These are the key concepts you need to understand to accurately answer the question.

Standard State of Elements
In chemistry, the concept of the standard state of elements helps us understand how elements behave under specific conditions. The standard state is defined as the element's most stable form at a pressure of 1 atmosphere and a temperature of 298 K (25°C). This is crucial when calculating various thermodynamic properties, such as enthalpy of formation.

Here are some key points to remember about standard states:
  • For gases, the standard state is usually the most stable gaseous form at 1 atm and 298K.
  • For solids and liquids, it is the form that exists most commonly at 1 atm and 298K.
  • Any deviation from this state is not considered a standard state.
When elements are in their standard state, their enthalpy of formation is considered zero. For example, chlorine (Cl2) is stable as a gas in its standard state, which is why its enthalpy of formation is zero. Understanding this concept is essential for correctly interpreting thermodynamic data.
Diatomic Molecules
Diatomic molecules are molecules composed of only two atoms, and they are a common form in which many gases exist naturally. The term 'diatomic' specifically refers to these bonds only involving two atoms, which can be of the same or different chemical elements.

Some elements frequently found as diatomic molecules at standard conditions include:
  • Hydrogen (H2)
  • Nitrogen (N2) (although in the exercise, it should be noted that N2 exists as a gas, not a liquid, in its standard state)
  • Oxygen (O2)
  • Fluorine (F2)
  • Chlorine (Cl2)
The stable nature of these diatomic molecules under standard conditions means that their enthalpy of formation is zero. It's essential to recognize these natural forms when working with chemical reactions and thermodynamics.
Chemical Thermodynamics
Chemical thermodynamics is a branch of chemistry that deals with the relations between chemical reactions and energy changes involving heat and work. A central concept within this field is understanding how energy, specifically enthalpy, changes as substances react or transform.

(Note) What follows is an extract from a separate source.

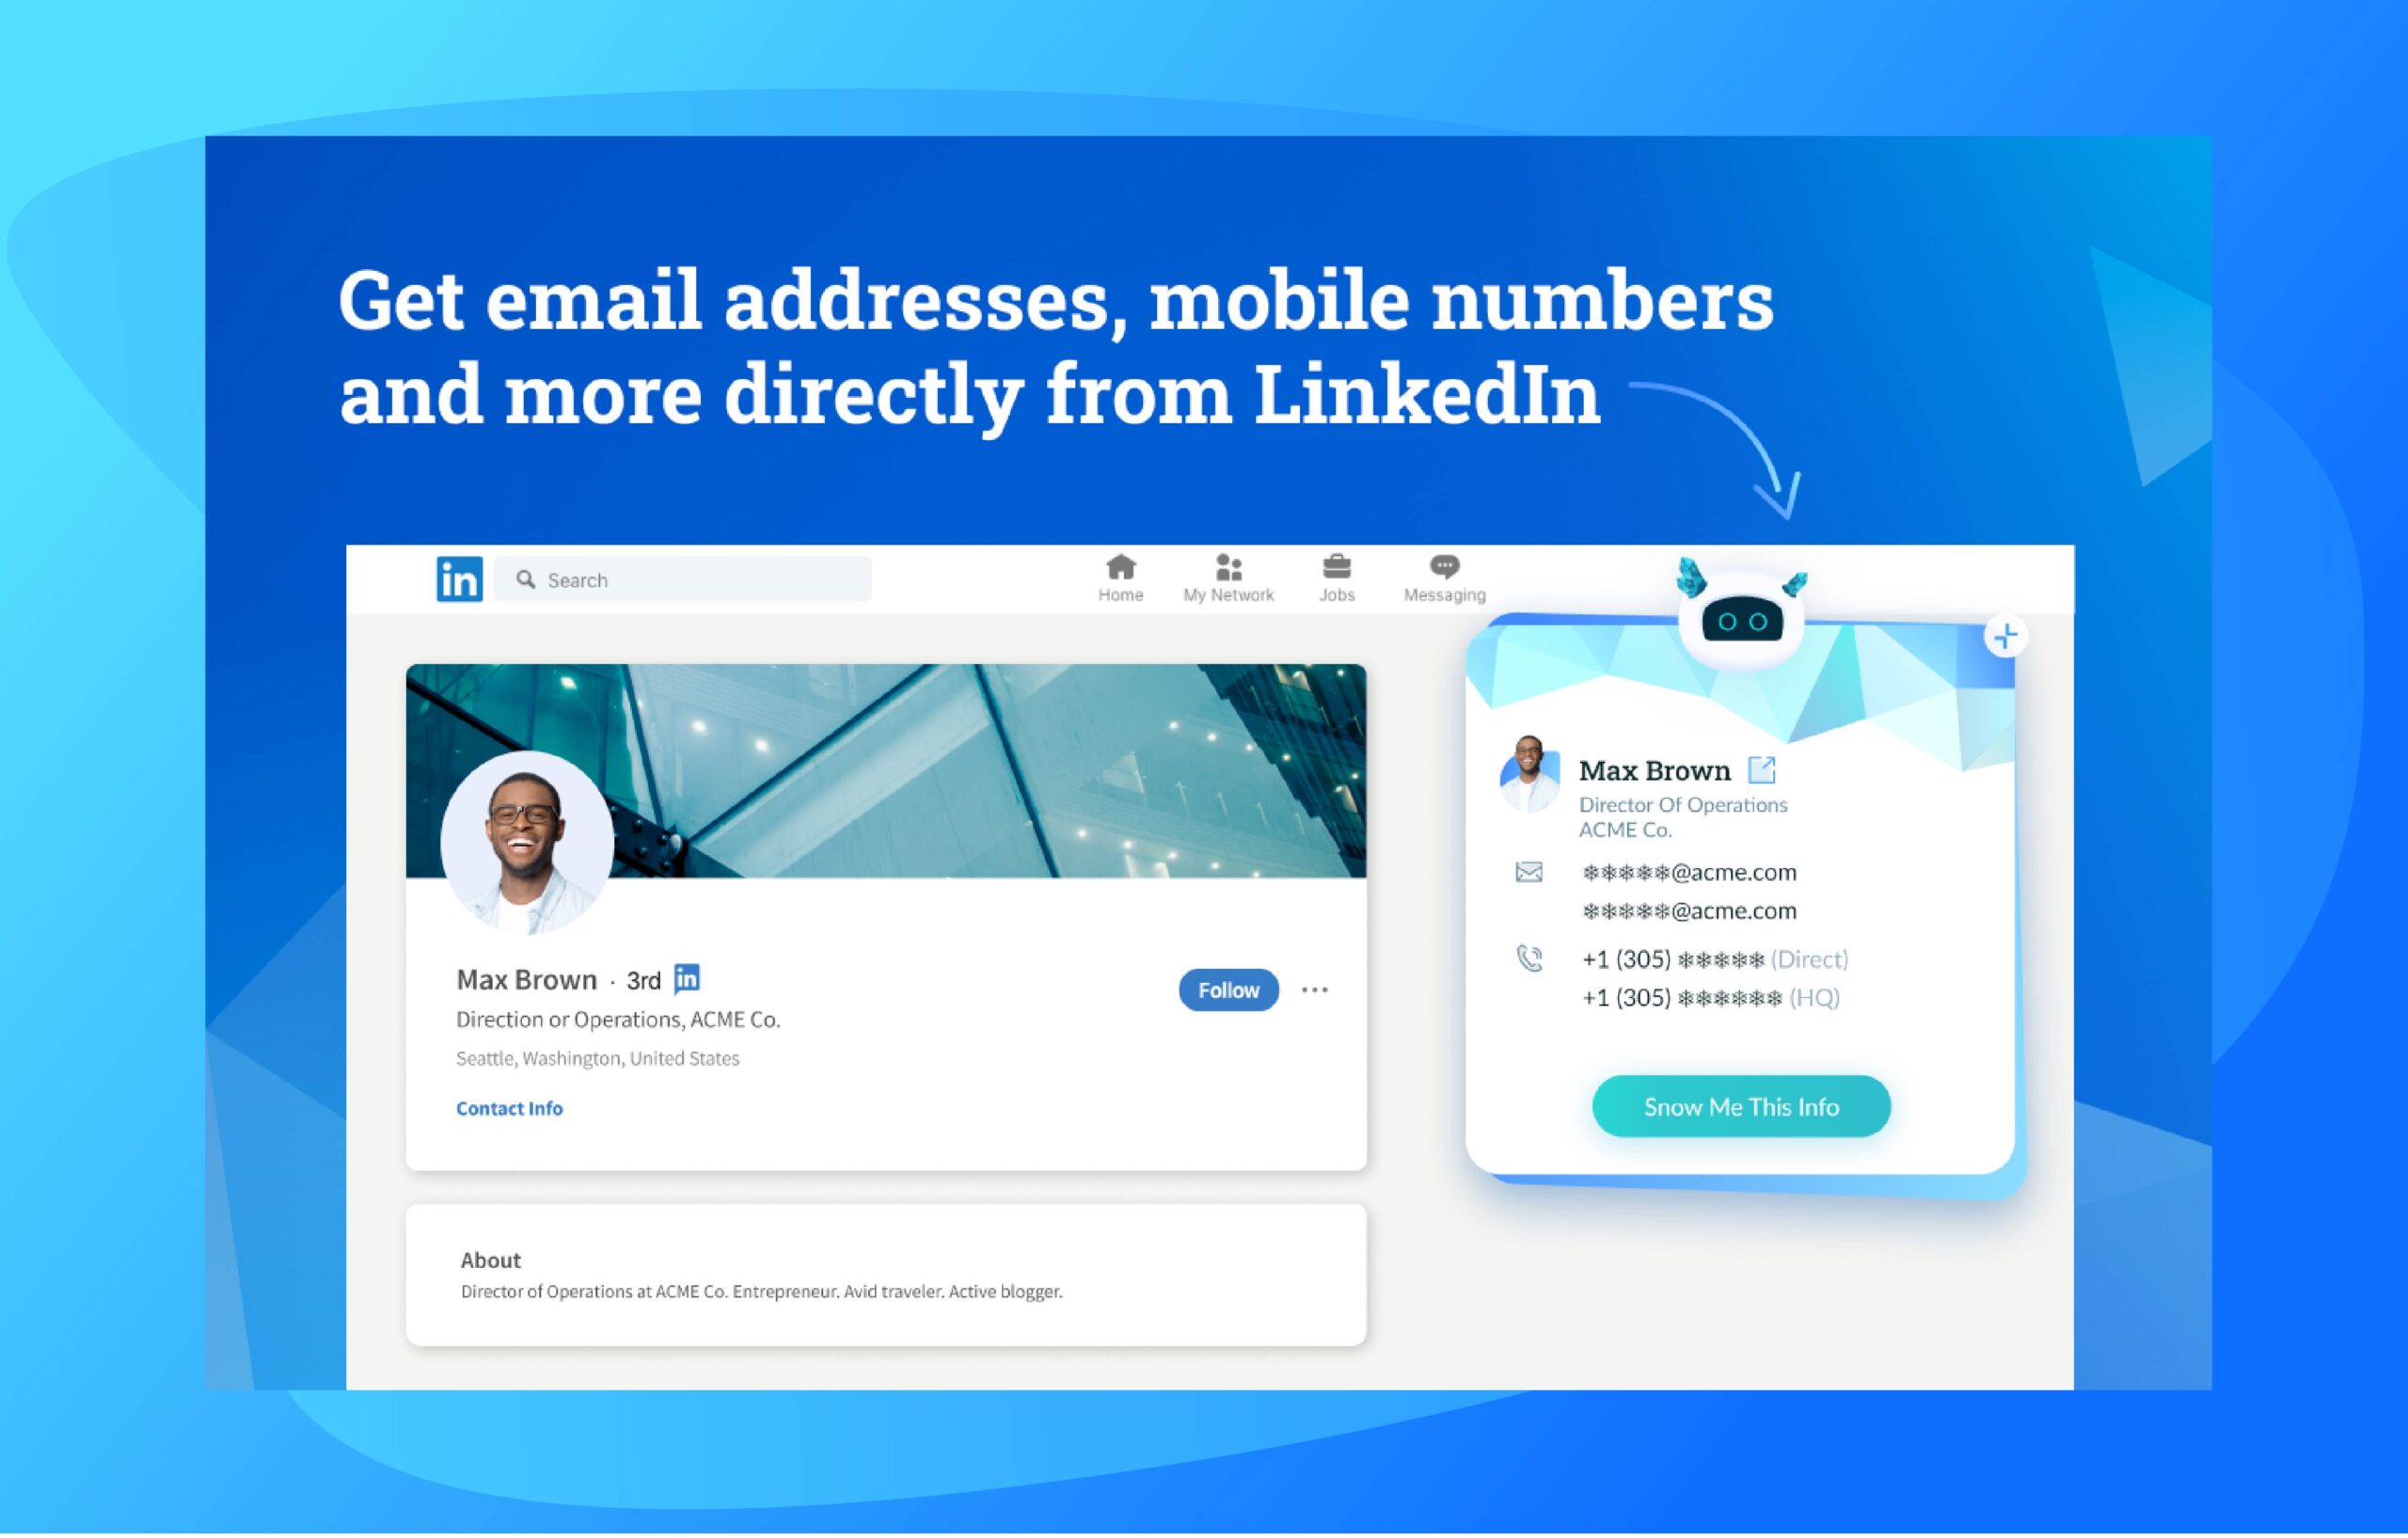 With Datanyze you can get email addresses, mobile numbers and more directly from LinkedIn

Key aspects of chemical thermodynamics include:
  • **Enthalpy (\(H\)):** A measure of the total energy of a thermodynamic system.
  • **Enthalpy of Formation (\(\Delta H_f^\circ\)):** The heat change that occurs when one mole of a compound is formed from its elements in their standard states.
  • **Standard States:** Understanding which elements have an enthalpy of formation of zero in their standard states.
The study of these energy transitions helps in predicting how reactions will proceed, how much energy will be absorbed or released, and the overall feasibility of reactions. Applying these principles allows chemists to design processes such as fuel combustion, synthesis of materials, and more. Understanding these core ideas is essential for navigating chemical reactions and their practical applications.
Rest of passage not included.